WORK ITEM: The lines below must be transcribed exactly as given, with the images removed.

DATA SHOWN:
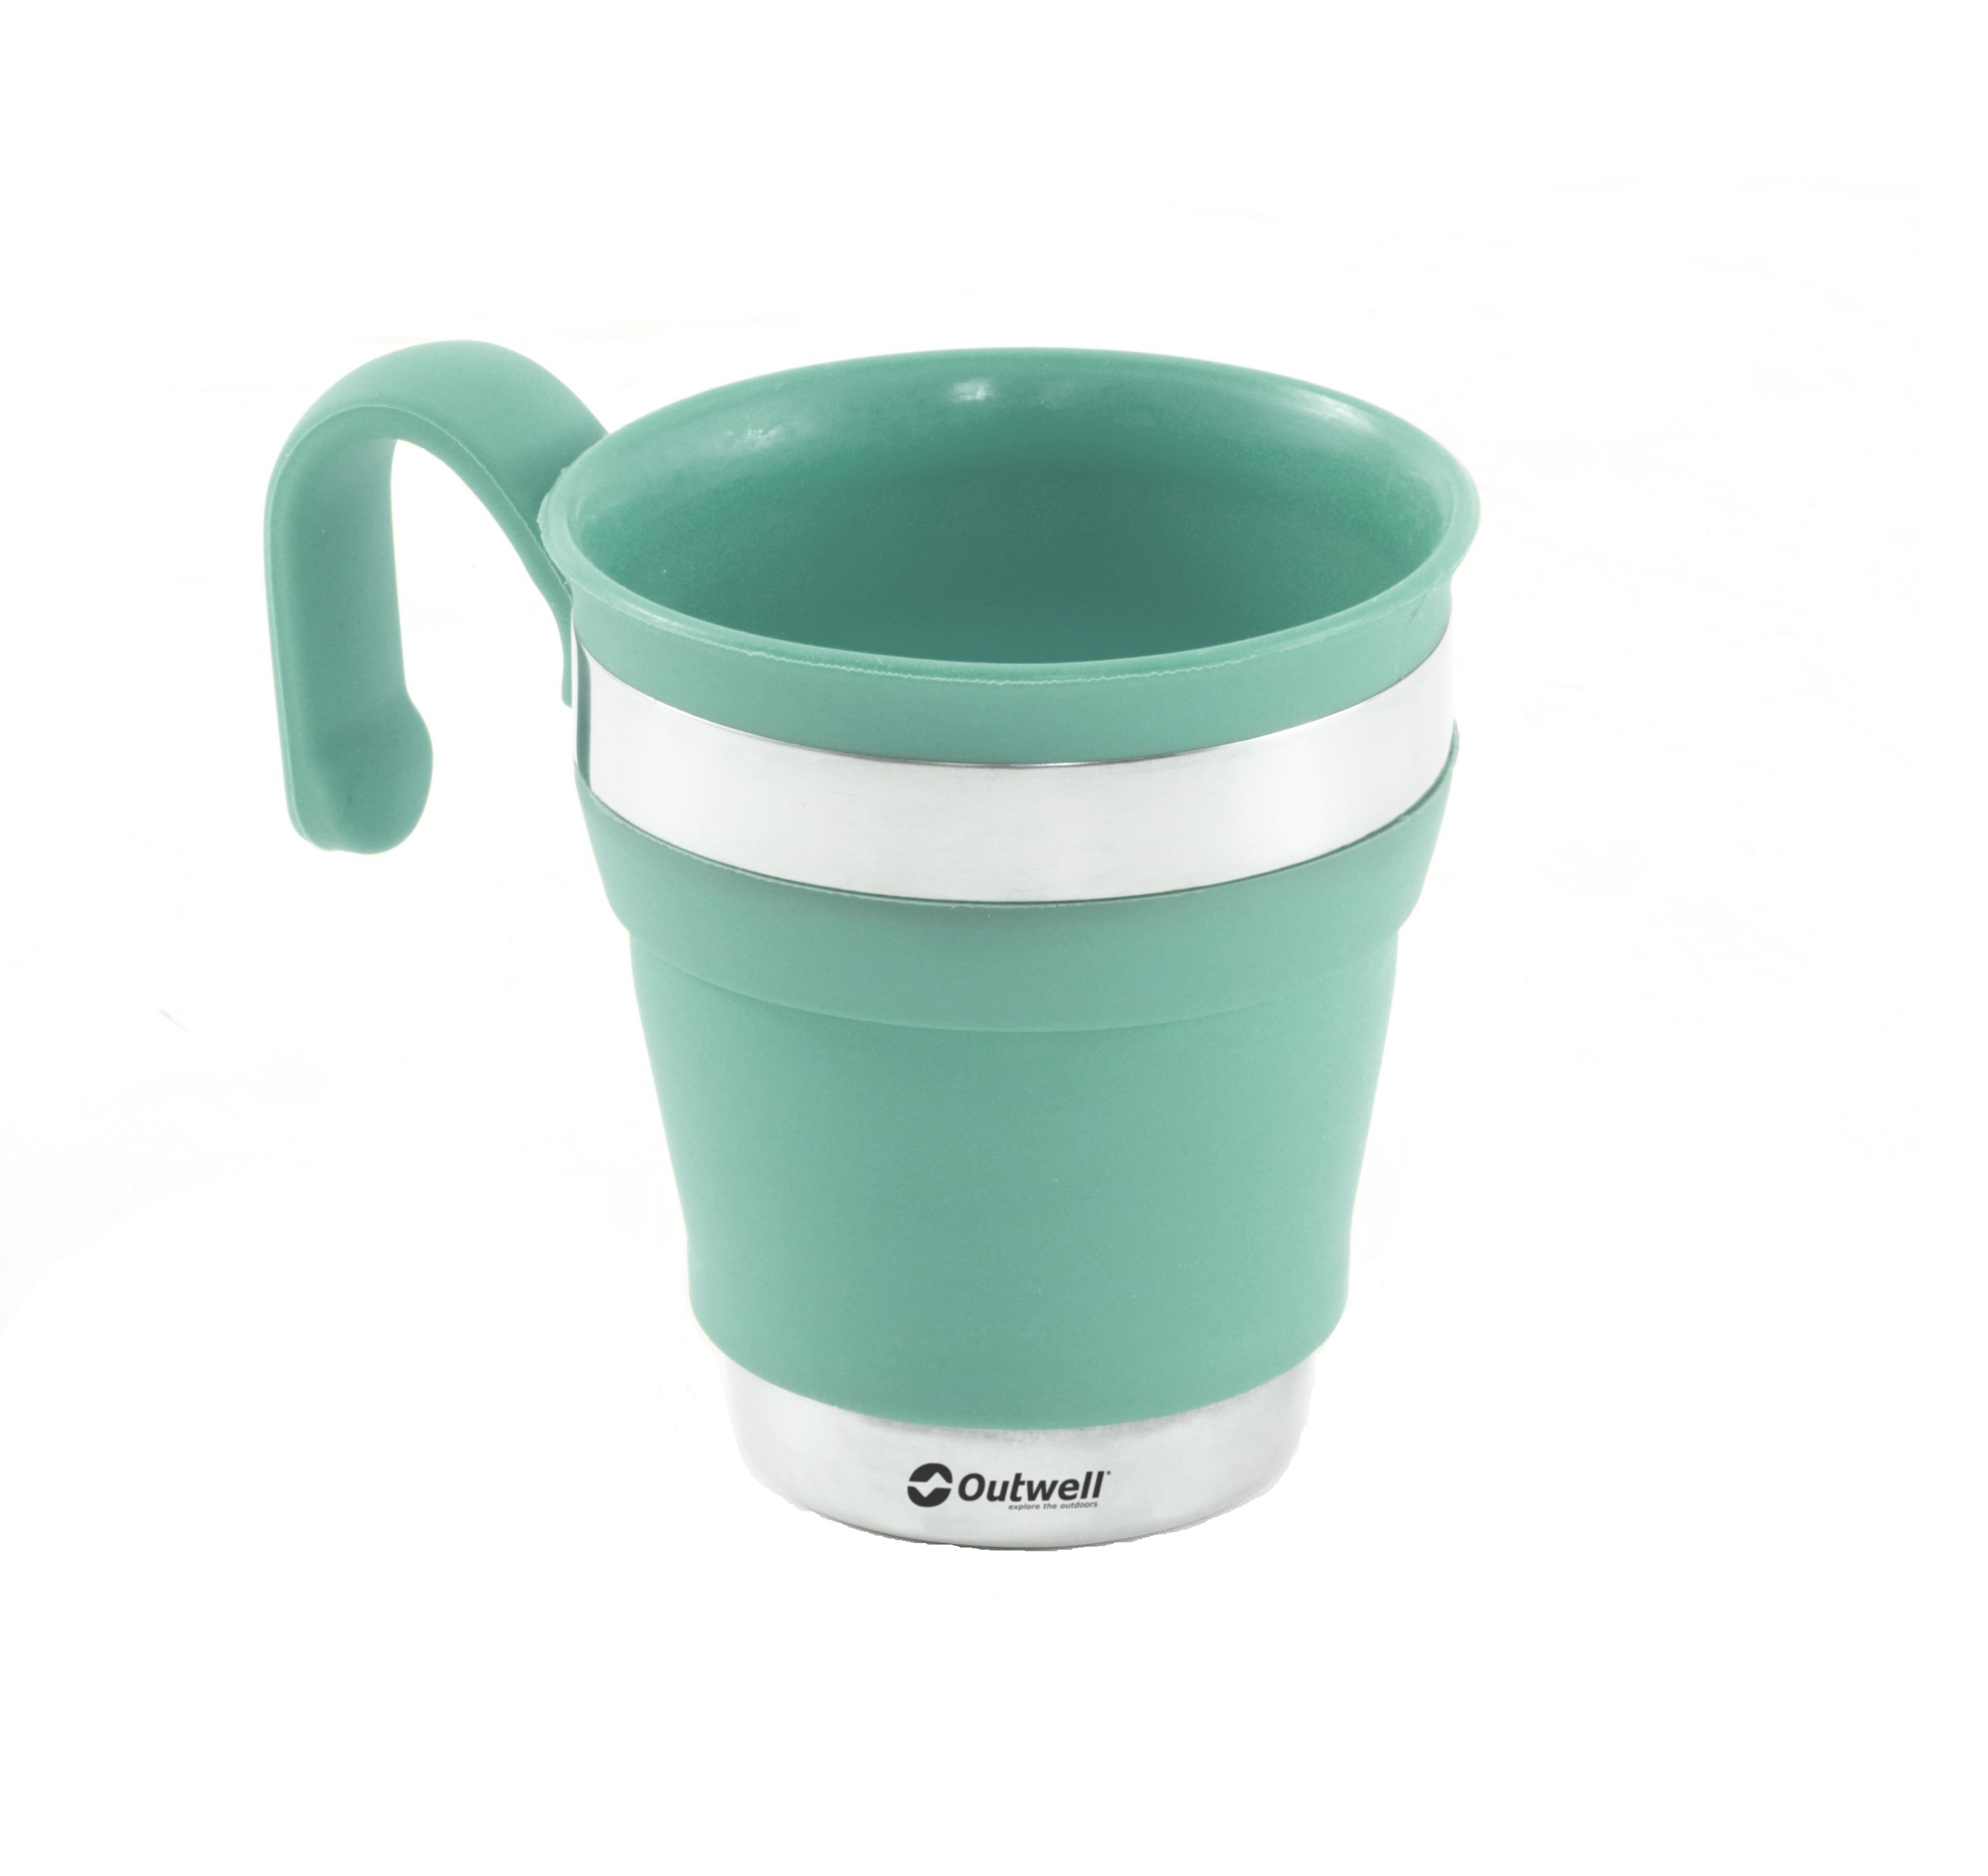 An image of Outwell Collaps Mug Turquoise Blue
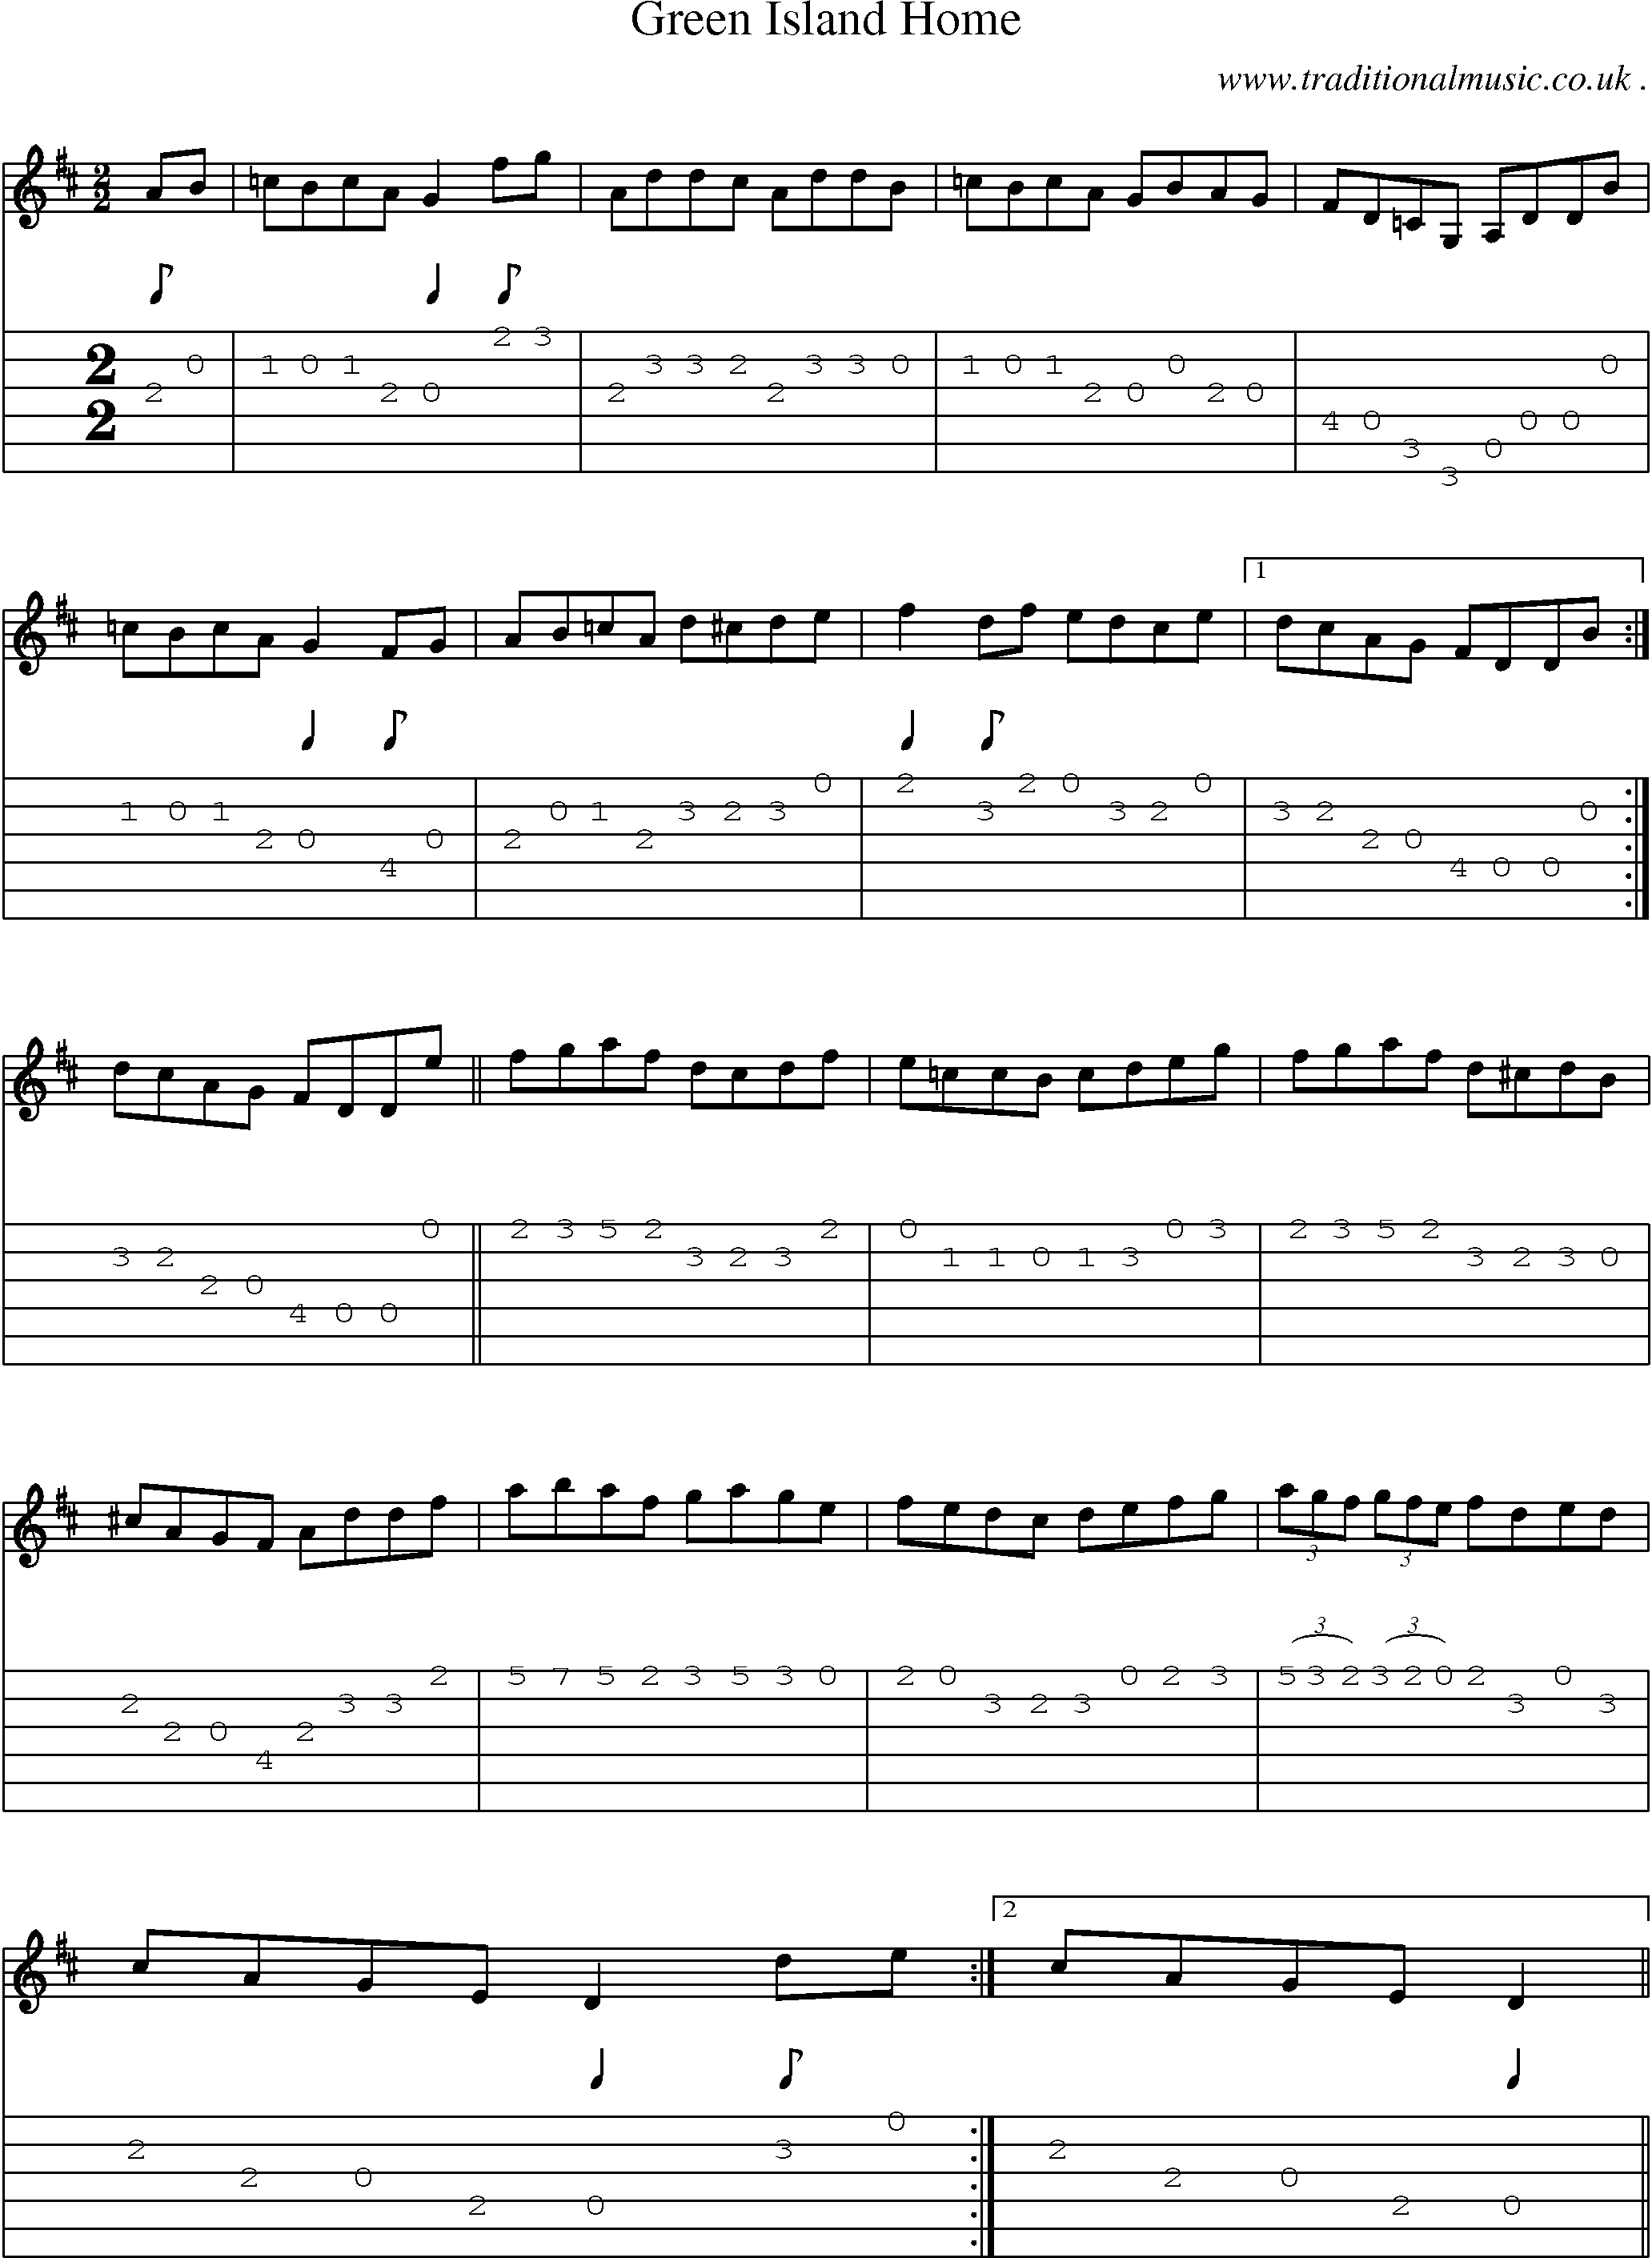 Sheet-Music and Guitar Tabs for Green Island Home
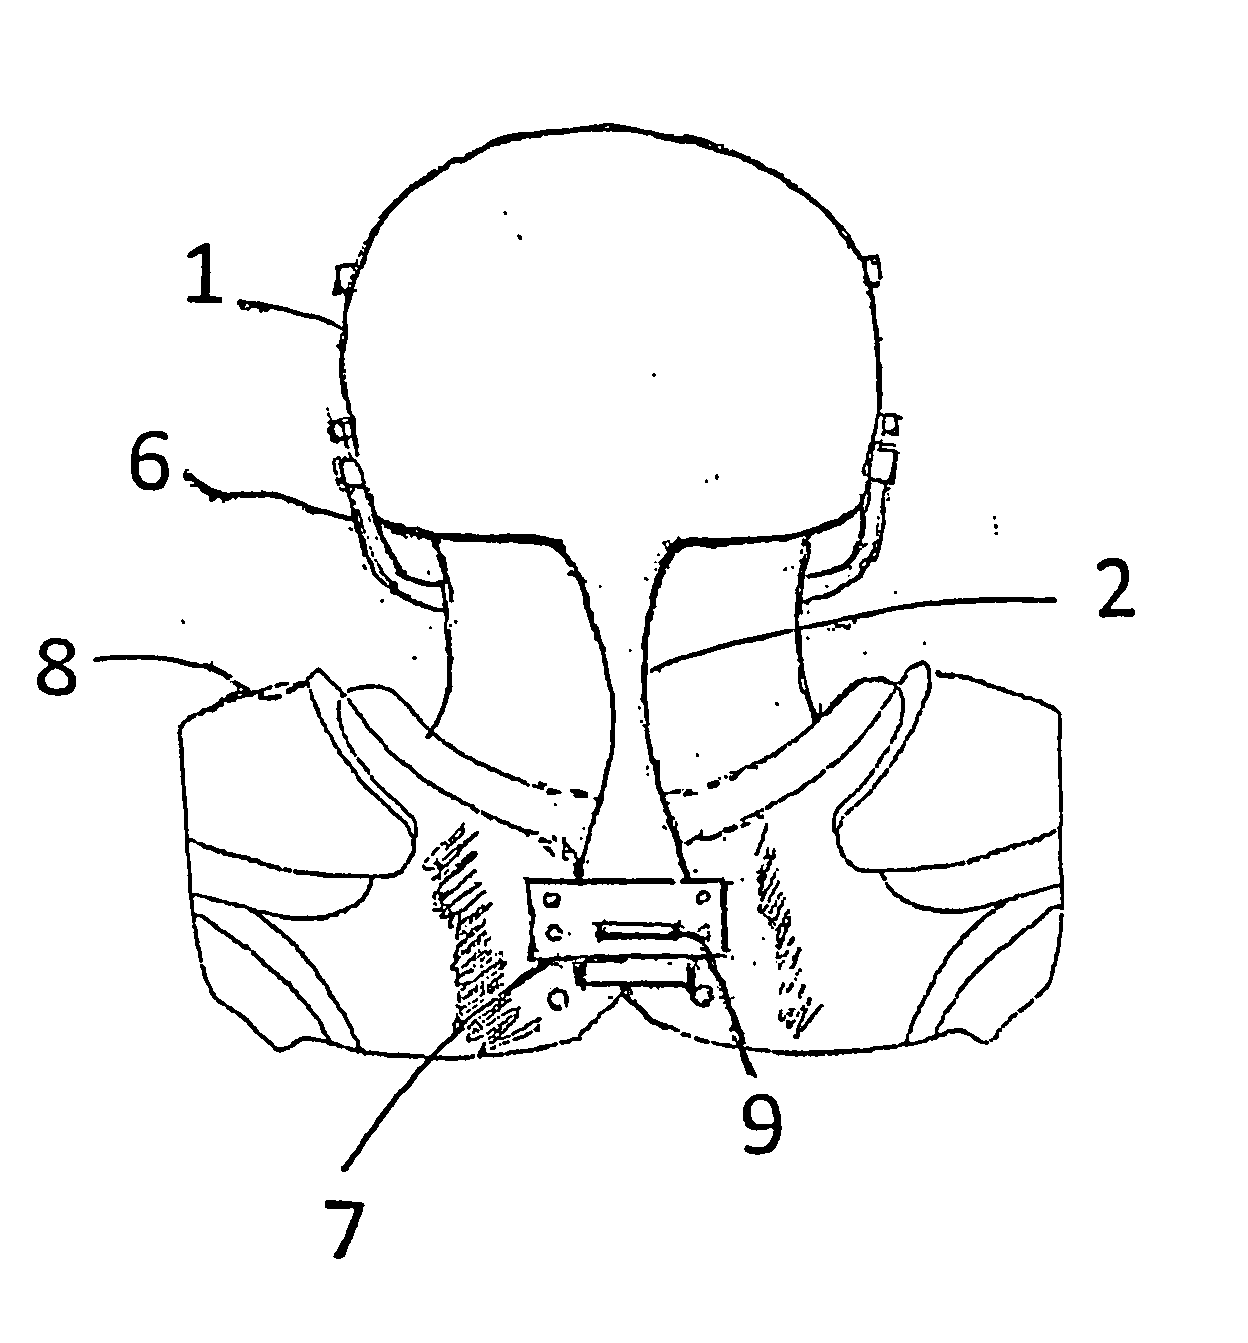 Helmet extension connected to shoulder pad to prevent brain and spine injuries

FINISHED TASK:
 An image of Outwell Collaps Mug Turquoise Blue
 Sheet-Music and Guitar Tabs for Green Island Home
 Helmet extension connected to shoulder pad to prevent brain and spine injuries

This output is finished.